Les systèmes photovoltaïques connectés au réseau
UN système photovoltaïque connecté au réseau
consiste essentiellement dans un générateur
photovoltaïque couplé à un inverseur qui opère
parallèlement au réseau électrique
conventionnel. L’injection au réseau a un large
éventail d’applications, depuis les petits
systèmes de quelques kilowatts de puissance
installée à des centrales de plusieurs
mégawatts. Le générateur photovoltaïque capte la
radiation solaire et la transforme en énergie
électrique; au lieu de l’emmagasiner dans des
batteries, comme dans les systèmes isolés ou
hybrides, on la «verse» directement au réseau de
distribution.
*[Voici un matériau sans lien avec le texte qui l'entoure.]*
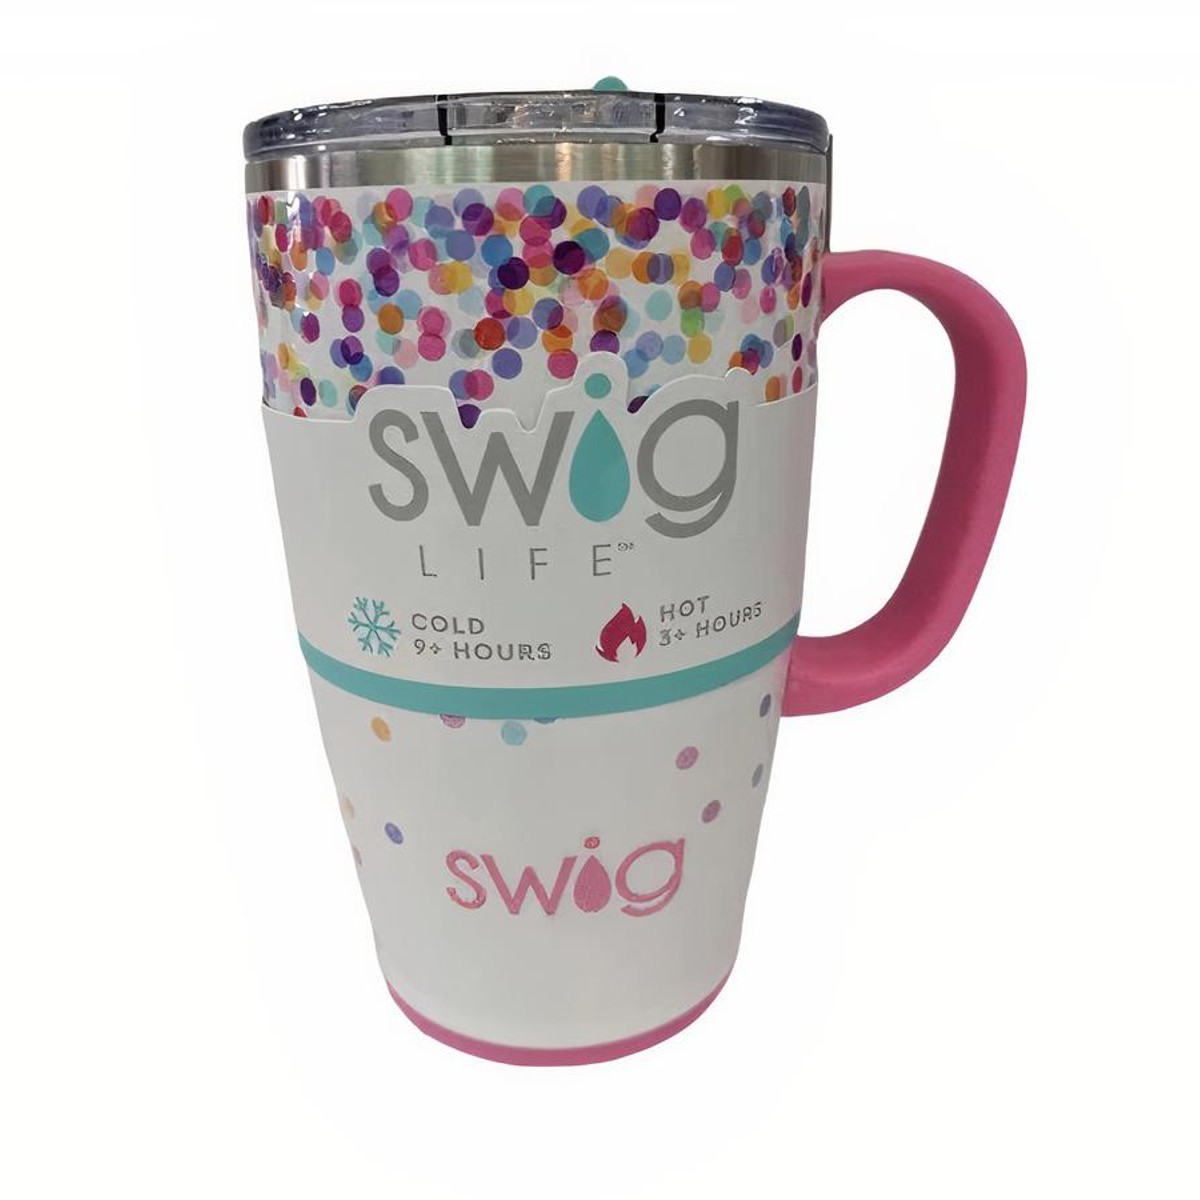 Swig Life Water Lily 18 Oz Travel Mug Swig Life Travel Mug

Ces deux fonctions sont réalisées
par un inverseur de courant direct à courant
alternatif spécialement conçu pour cette
application. Le générateur photovoltaïque ou les
panneaux peuvent être fixés aux toits ou aux
façades des immeubles, ou encore à des
structures spéciales.
Voici quelques-uns des avantages de ces
systèmes:
La génération et la consommation se produisant
au même endroit, on élimine les pertes de
transmission (de 8 à 12 %) et de distribution
(de 16 à 22%) de l’énergie électrique.
L’installation est facile et rapide, sur tout
immeuble ou aire bien exposée aux rayons
solaires, sans obstacles ni ombres projetées par
d’autres constructions, sans consommer plus
d’espace que n’en consomme déjà l’immeuble en
milieu urbain.
Il n’y a ni contamination ni effets nocifs.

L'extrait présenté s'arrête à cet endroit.